本发明的第一方面,提供了一种作用于胸膜间皮细胞的CD93的活性物质。A first aspect of the present invention provides an active substance that acts on CD93 in pleural mesothelial cells.
所述物质能抑制胸膜间皮细胞的CD93基因表达,或者,所述物质能使胸膜间皮细胞CD93蛋白的含量降低,或者,所述物质能抑制胸膜间皮细胞CD93蛋白活性。通过抑制胸膜间皮细胞CD93的功能,所述物质有效抑制了肺肿瘤生长。进一步研究发现,所述物 质作用于胸膜间皮细胞的CD93后,促进肺部肿瘤或肺部感染细胞特异性的T细胞介导的细胞免疫,因此具有抗肺肿瘤或抗肺感染作用。The substance can inhibit the expression of CD93 gene in pleural mesothelial cells, or the substance can reduce the content of CD93 protein in pleural mesothelial cells, or the substance can inhibit the activity of CD93 protein in pleural mesothelial cells. By inhibiting the function of CD93 on pleural mesothelial cells, the substance effectively inhibits lung tumor growth. Further research revealed that the After the substance acts on CD93 of pleural mesothelial cells, it promotes T cell-mediated cellular immunity specific to lung tumors or lung infected cells, and therefore has anti-pulmonary tumors or anti-pulmonary infection effects.

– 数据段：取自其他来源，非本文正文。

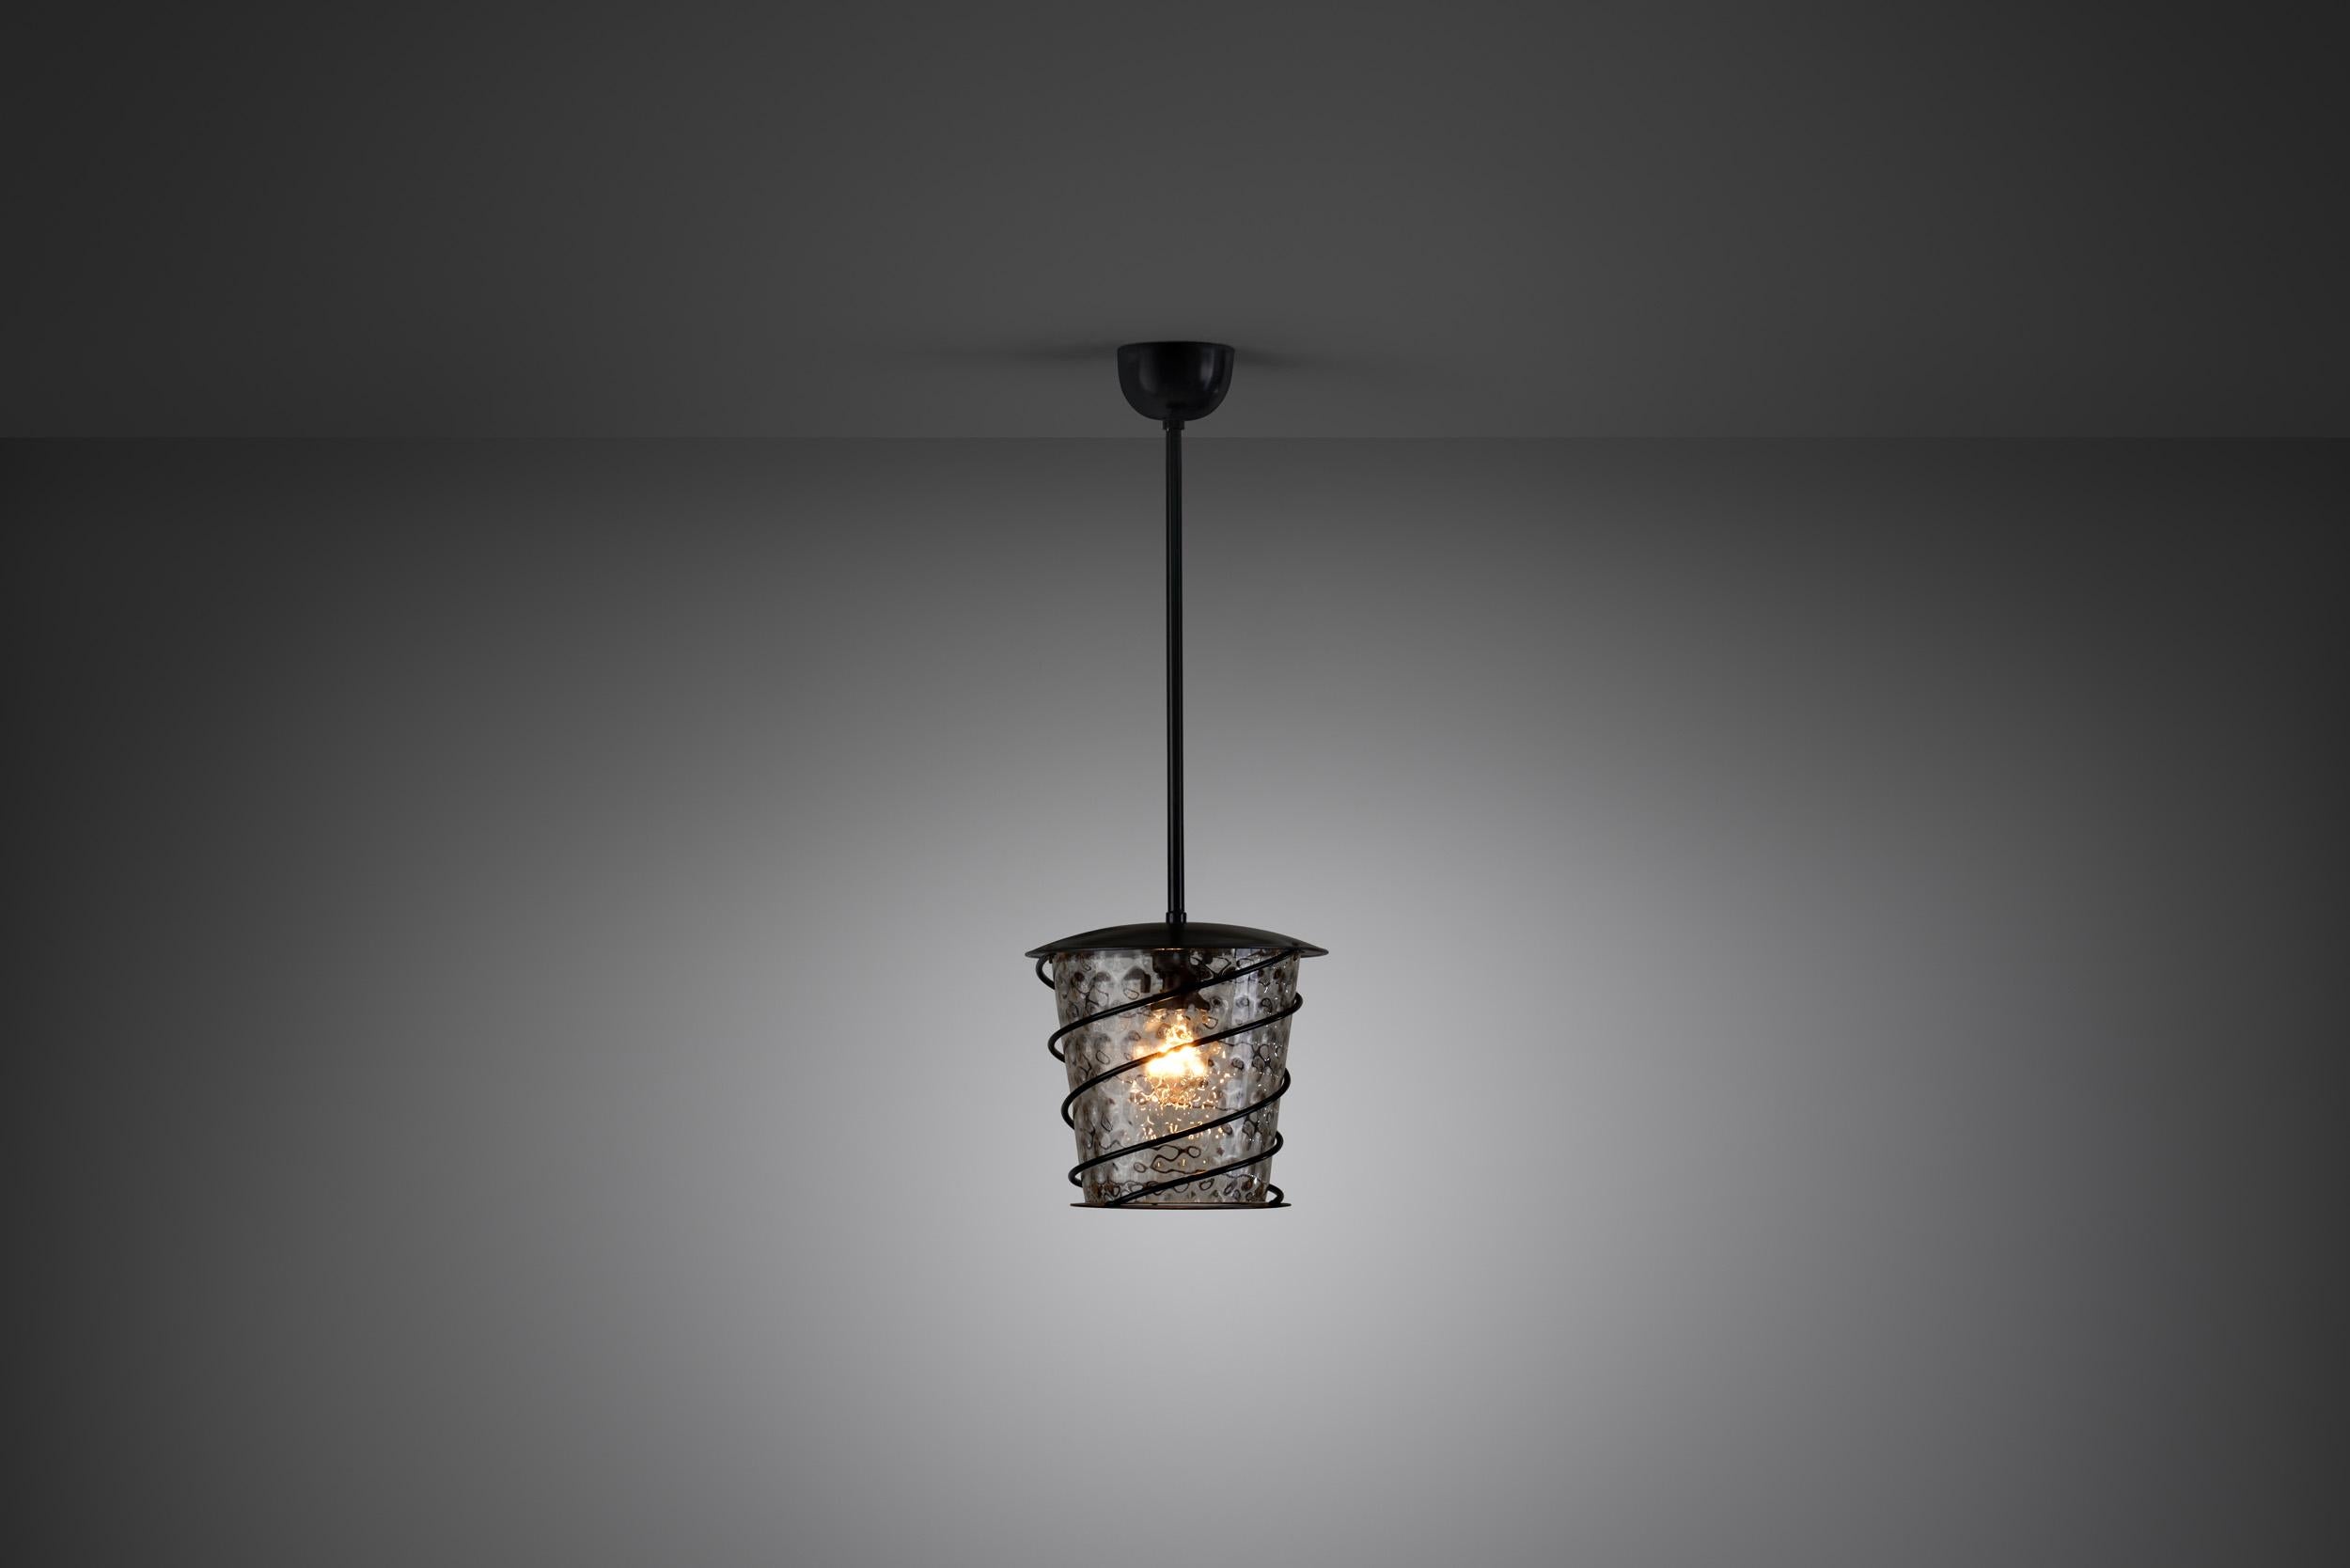 Lighting is a huge part of Scandinavian design, ranging from the warm, low light of a candle to the bright overhead glow of a ceiling light. This early 20th century ceiling lamp is a unique piece of functionalist design with the unmistakeable

优选地,所述T细胞为CD4+和/或CD8+T细胞。Preferably, the T cells are CD4 + and/or CD8 + T cells.
进一步地,所述物质促进树突状细胞迁移至肺部肿瘤或肺部感染部位,进而引起T细胞介导的细胞免疫。进一步地,所述物质抑制胸膜间皮细胞的CD93后,促进胸膜间皮细胞分泌的CCL21增加,CCL21作用于树突状细胞,促进树突状细胞向肺部肿瘤或肺部感染细胞聚集,进而引起T细胞介导的细胞免疫。进一步地,所述物质特异性抑制C1q/CD93信号传导途径。Furthermore, the substance promotes the migration of dendritic cells to lung tumors or lung infection sites, thereby inducing T cell-mediated cellular immunity. Furthermore, after the substance inhibits CD93 of pleural mesothelial cells, it promotes the increase of CCL21 secreted by pleural mesothelial cells. CCL21 acts on dendritic cells and promotes the accumulation of dendritic cells into lung tumors or lung infected cells, thereby further Causes T cell-mediated cellular immunity. Further, the substance specifically inhibits the C1q/CD93 signaling pathway.
本发明的第二方面,提供了所述活性物质在制备治疗肺部肿瘤或肺部感染试剂方面的应用。A second aspect of the present invention provides the use of the active substance in preparing a reagent for treating lung tumors or lung infections.
在一些实施方式中,在使用所述试剂治疗肺部肿瘤或肺部感染时,通过胸腔注射的方式将所述试剂注射到患者胸腔中,或者通过静脉注射的方式并由靶向胸膜间皮细胞的靶向药物载体将所述物质输送到胸膜间皮细胞。In some embodiments, when using the agent to treat lung tumors or lung infections, the agent is injected into the patient's chest via intrapleural injection, or via intravenous injection and targeted to pleural mesothelial cells. A targeted drug carrier delivers the substance to pleural mesothelial cells.
本发明的第三方面,提供了一种治疗肺部肿瘤或肺部感染的方法。所述方法通过抗胸膜间皮细胞的CD93引起肺部肿瘤或肺部感染细胞特异性的T细胞介导的细胞免疫来实现。A third aspect of the present invention provides a method for treating lung tumors or lung infections. The method is achieved by causing T cell-mediated cellular immunity specific to lung tumors or lung infected cells through CD93 against pleural mesothelial cells.
本发明的优势在于:本发明提供了肺癌或肺部感染治疗的新靶点,并进一步公开了一条新的肺癌或肺部感染治疗的作用通路,为肺癌治疗提供了新方向。The advantage of the present invention is that: the present invention provides a new target for the treatment of lung cancer or pulmonary infection, and further discloses a new action pathway for the treatment of lung cancer or pulmonary infection, providing a new direction for the treatment of lung cancer.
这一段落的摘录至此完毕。